The key takeaway is that we can now perform backpropagation, enabling an end-to-end training.

REINFORCE

There is an alternative approach to the reparameterization trick. This approach, used in the policy gradient algorithm in RL on optimizing the expected reward, is by using the REINFORCE estimator. The core component of this approach is to use a log-derivative trick,

$$ \nabla_{\omega} \, p_{\omega} (x) = p_{\omega}(x) \nabla_{\omega} \log p_{\omega} (x), $$

which can be easily verified by simple rule of calculus, \(\nabla \log f(x) = (f(x))^{-1} \nabla f(x)\). If we denote \(f(\mathbf z)\) as our “score function” with no dependence on \( \mathbf \phi \) for which we wish to evaluate the gradient of its expectation, we have

$$ \begin{align*} \nabla_{\mathbf \phi} \mathbb E_{\mathbf z \sim q_{\mathbf \phi}(\mathbf z \mid \mathbf x)} [f(\mathbf z)] &= \nabla_{\mathbf \phi} \int q_{\mathcal \phi} (\mathbf z \mid \mathbf x) f(\mathbf z) d\mathbf z \\ &= \int \nabla_{\mathbf \phi} \, q_{\mathbf \phi} (\mathbf z \mid \mathbf x) f(\mathbf z) d\mathbf z \\ &= \int q_{\mathbf \phi} (\mathbf z \mid \mathbf x) \nabla_{\mathbf \phi} \log q_{\mathbf \phi} (\mathbf z \mid \mathbf x) f(\mathbf z) d\mathbf z \\ &= \mathbb E_{\mathbf z \sim q_{\mathbf \phi}(\mathbf z \mid \mathbf x)} \left[ \nabla_{\mathbf \phi} \log q_{\mathbf \phi} (\mathbf z \mid \mathbf x) f(\mathbf z) \right] \\ &\approx \frac{1}{L} \sum_{i=1}^L \nabla_{\mathbf \phi} \log q_{\mathbf \phi} (\mathbf z^{(i)} \mid \mathbf x) f(\mathbf z^{(i)}) \end{align*} $$

where \(\mathbf z^{(i)} \sim q_{\mathbf \phi}(\mathbf z \mid \mathbf x)\) from \(i = 1, \ldots, L\).

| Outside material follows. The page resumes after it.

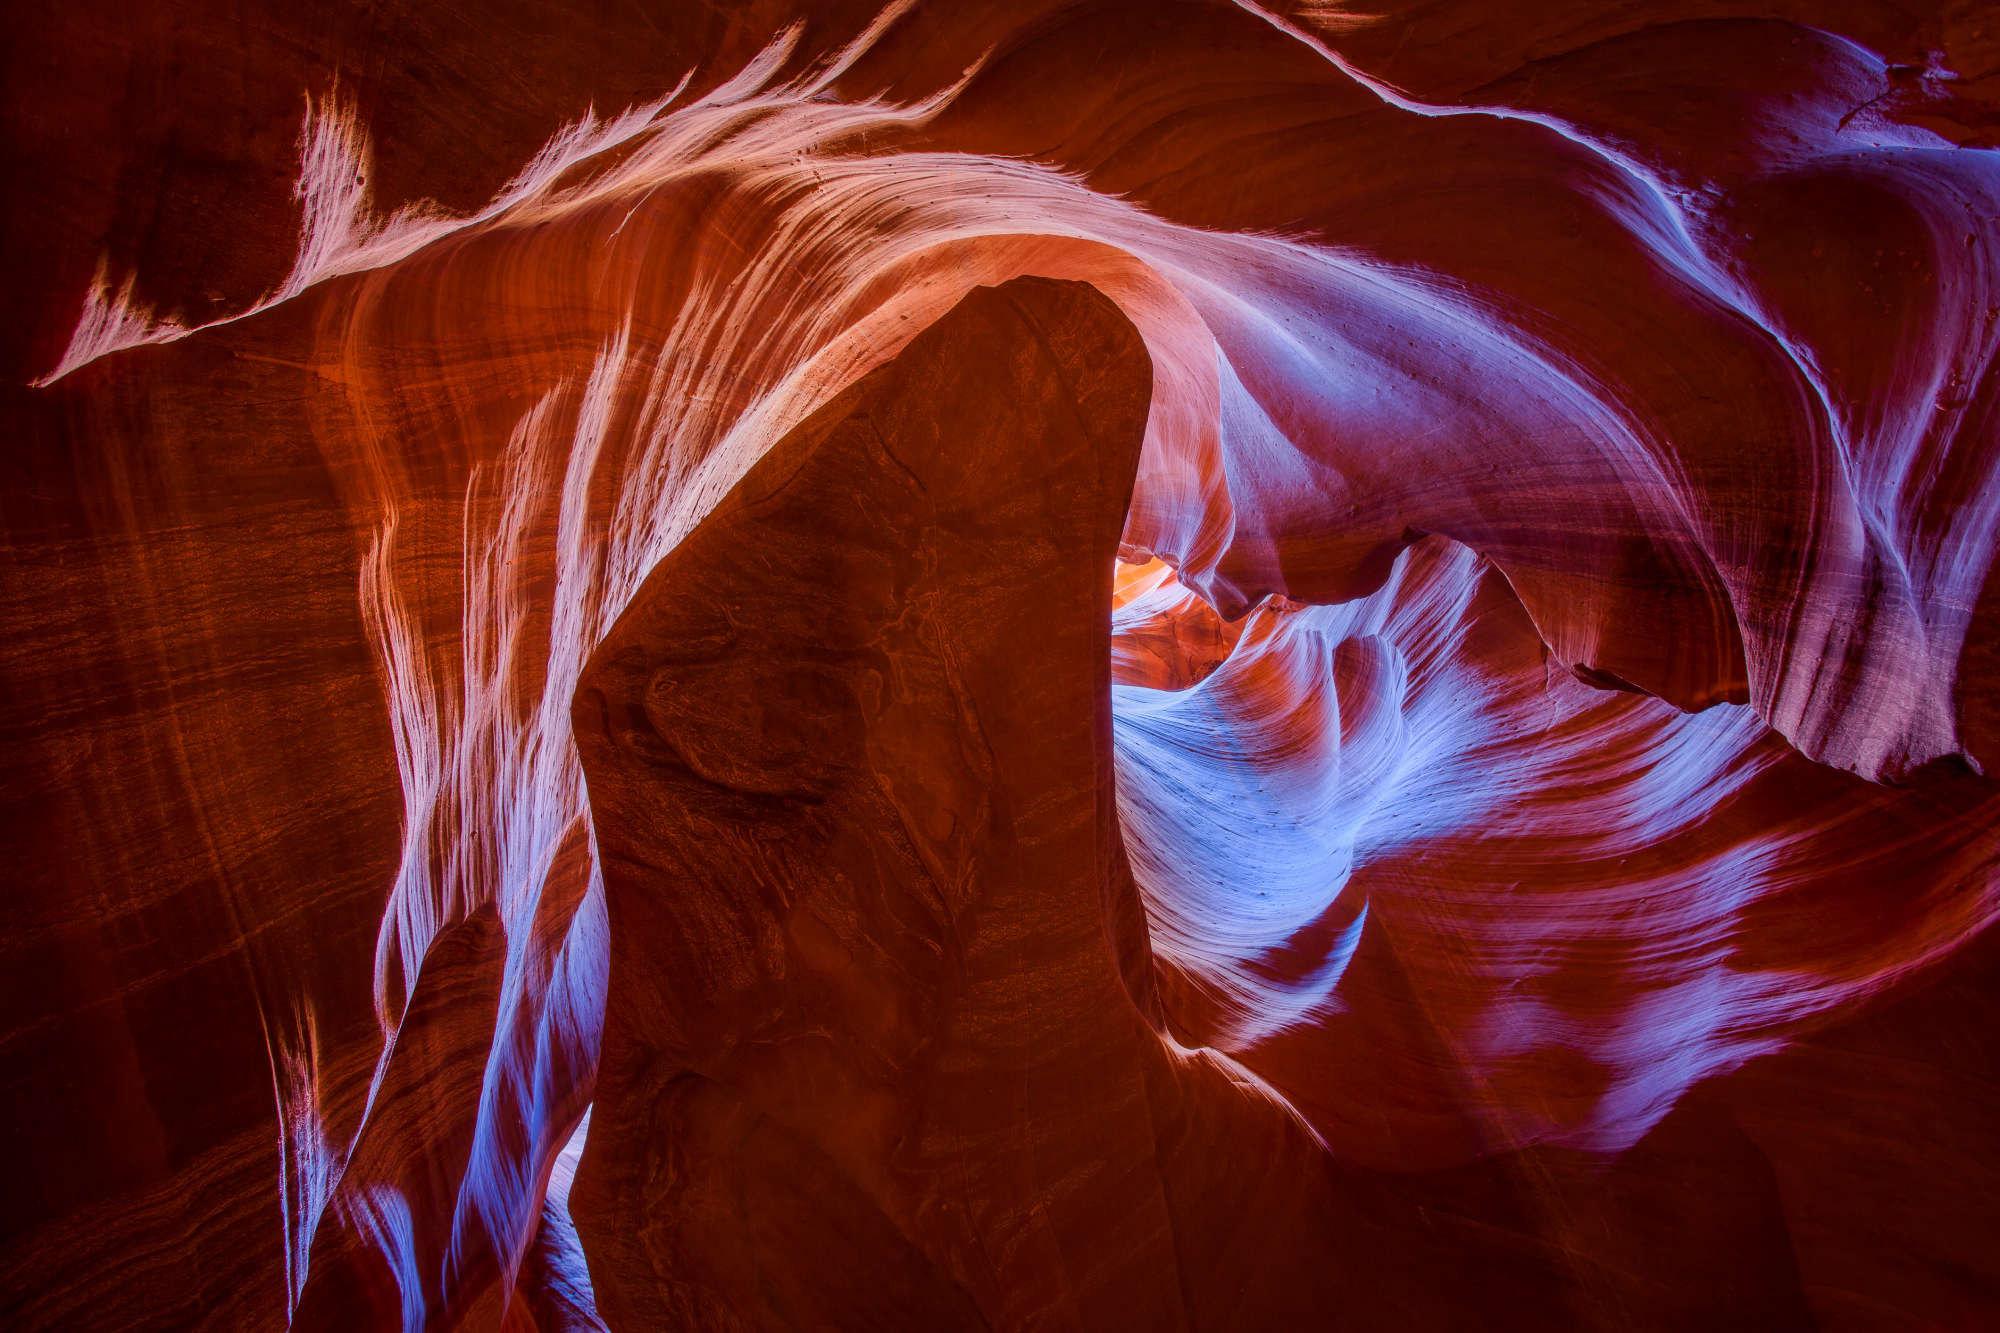 HDR Photography Workshop: Antelope Canyon HDR | Pt.3 | HDR Processing

In the second equation, we used the Leibniz Integral Rule and the Monte Carlo estimates in the final equation. To summarize what we’ve done here, instead of estimating the gradient itself, we’ve used the REINFORCE estimator on the score function \(f(\mathbf z)\). The REINFORCE estimator using the log-derivative trick comes with both advantages and disadvantages. While it works for any distribution — even the discrete ones! — and nicely avoids the reparameterization (hence dispensing with the need to formulate a random variable sampling), it has a high variance, making the gradient estimates potentially noisy. In practice, it needs to couple with variance reduction techniques such as NVIL, VIMCO, etc.